• [EXTRACTED RECORDS]:
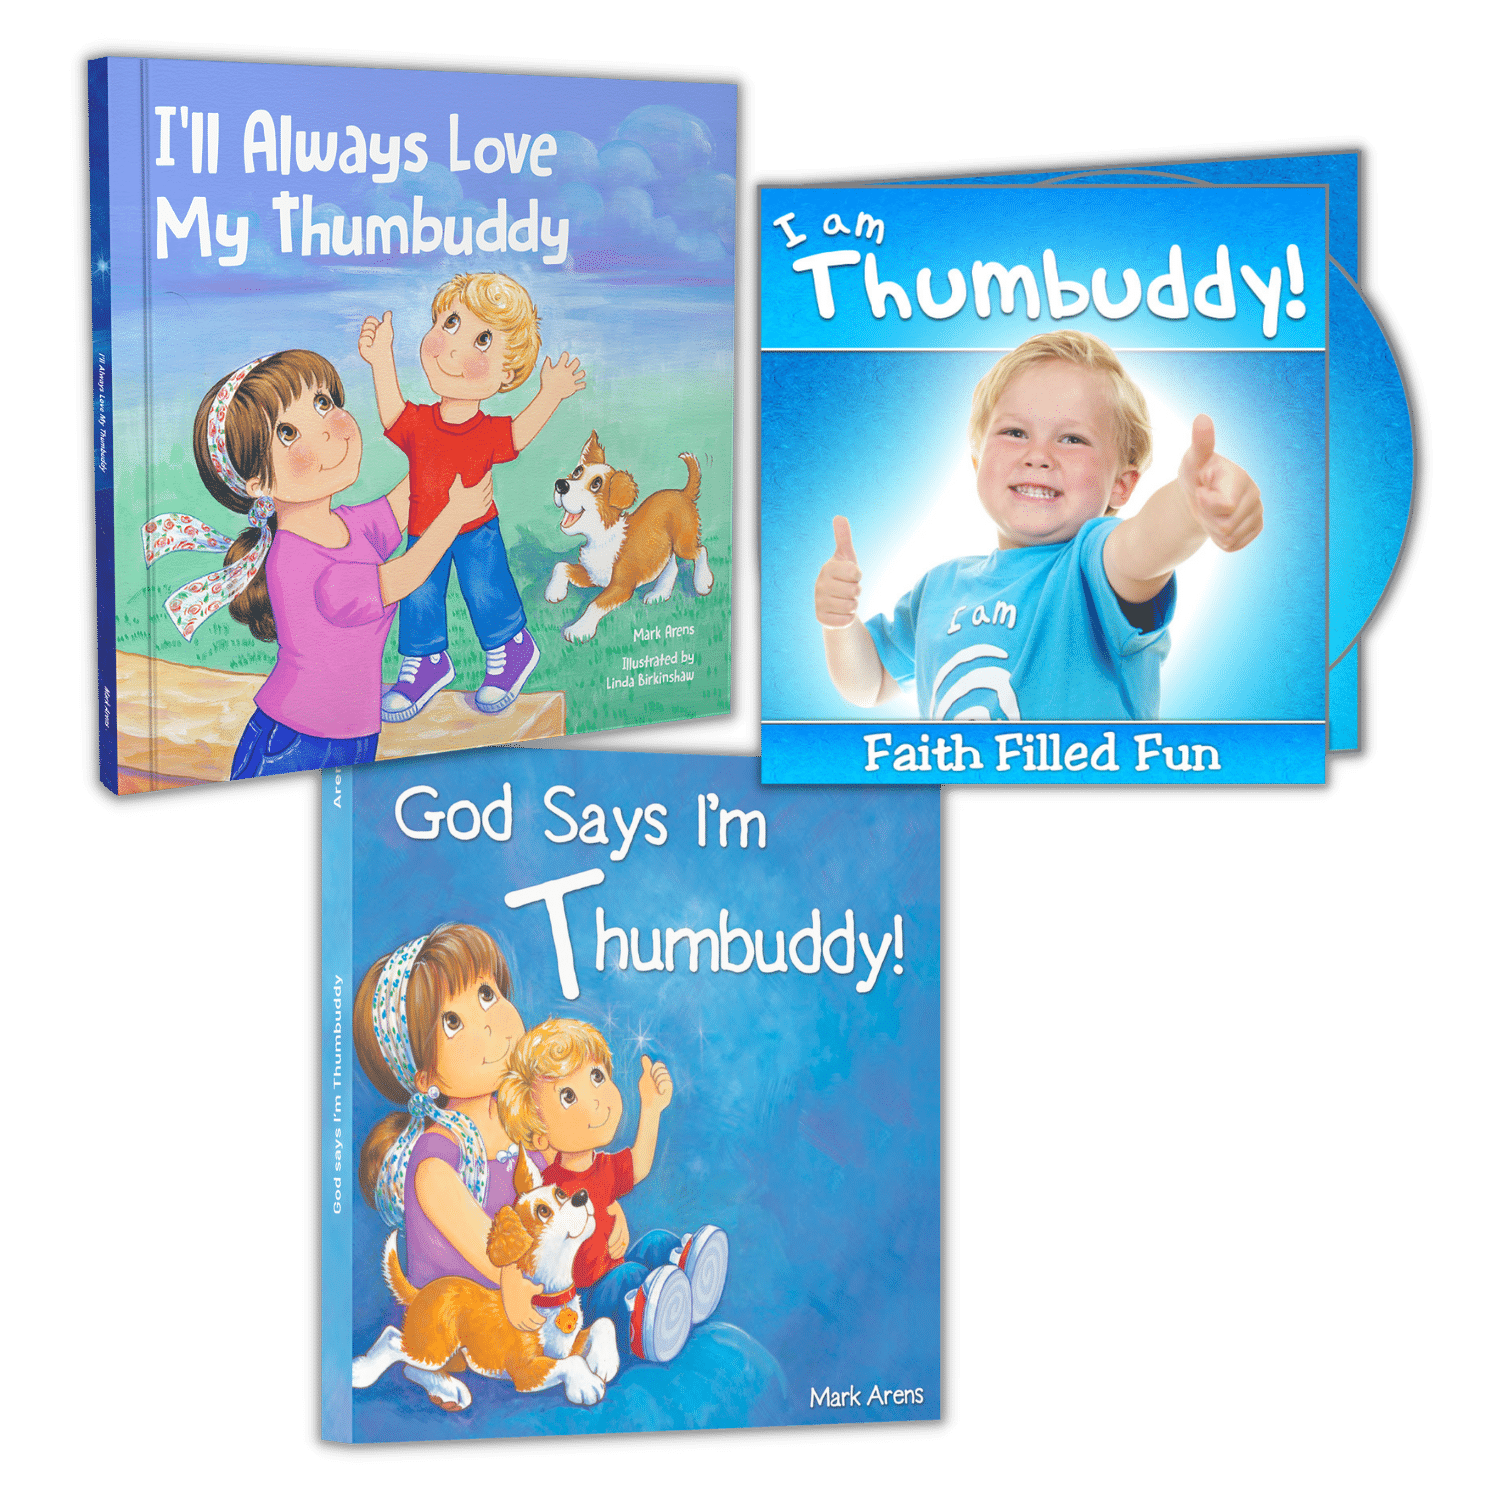 Thumbuddy Christian books from christian bookstore Little Big Things
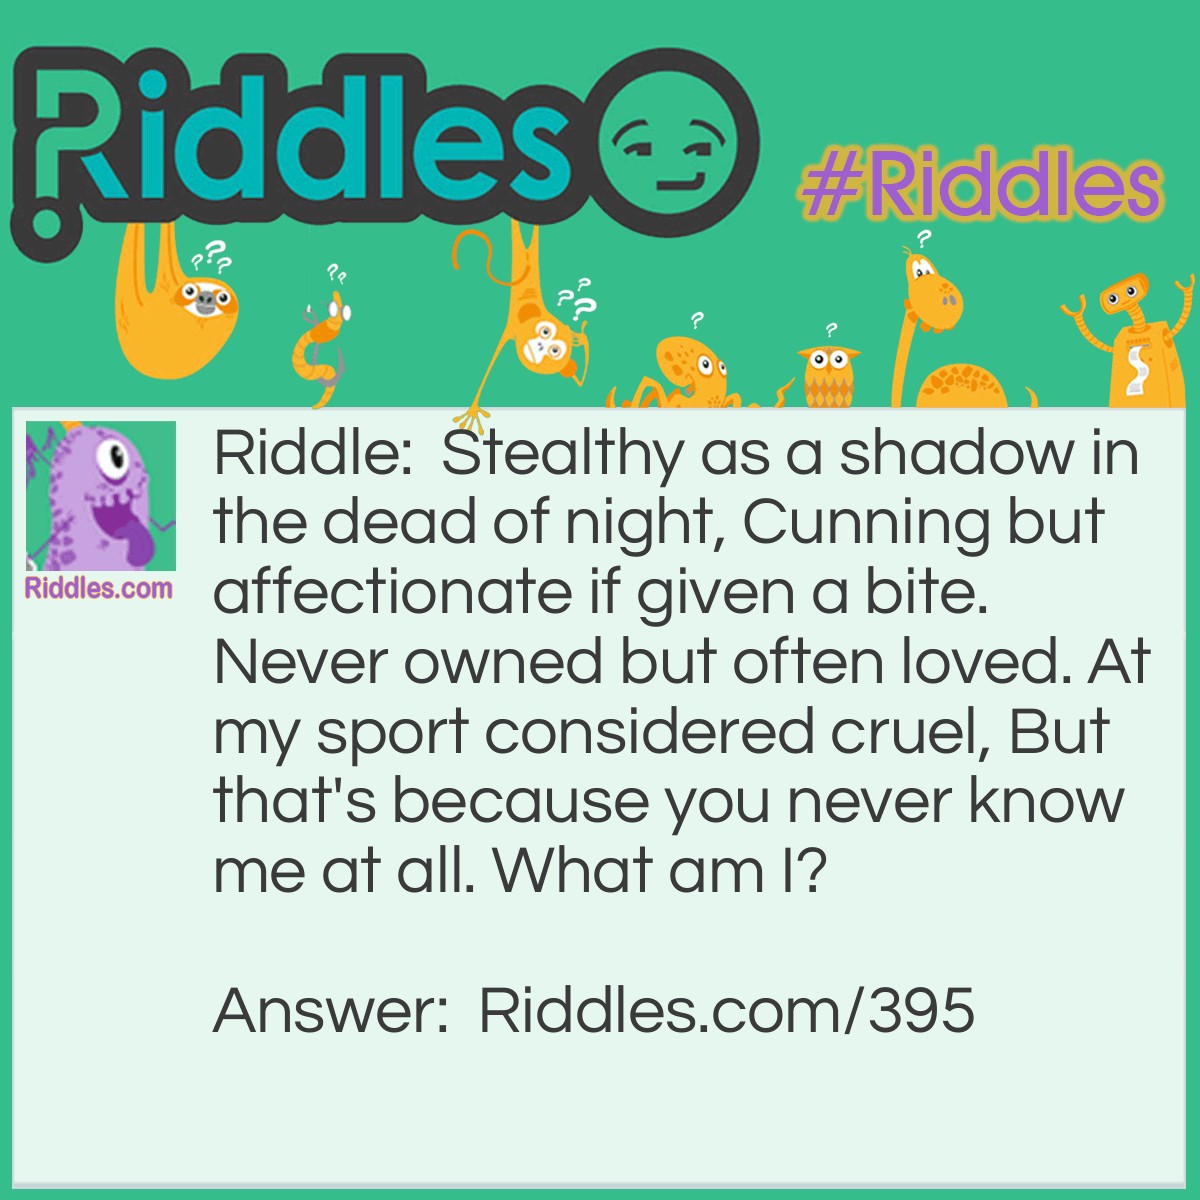 Riddle: Stealthy as a shadow in the dead of night, 
Cunning but affectionate if given a bite. 
Never owned but often loved. 
At my sport considered cruel, 
But that's because you never know me at all. 

What am I?  Answer: A cat.

• [EXERCISE DETAILS]:
Would you please set down the listing above exactly, minus its images?

• [SOLUTION TO THE EXERCISE]:
 Thumbuddy Christian books from christian bookstore Little Big Things
 Riddle: Stealthy as a shadow in the dead of night, 
Cunning but affectionate if given a bite. 
Never owned but often loved. 
At my sport considered cruel, 
But that's because you never know me at all. 

What am I?  Answer: A cat.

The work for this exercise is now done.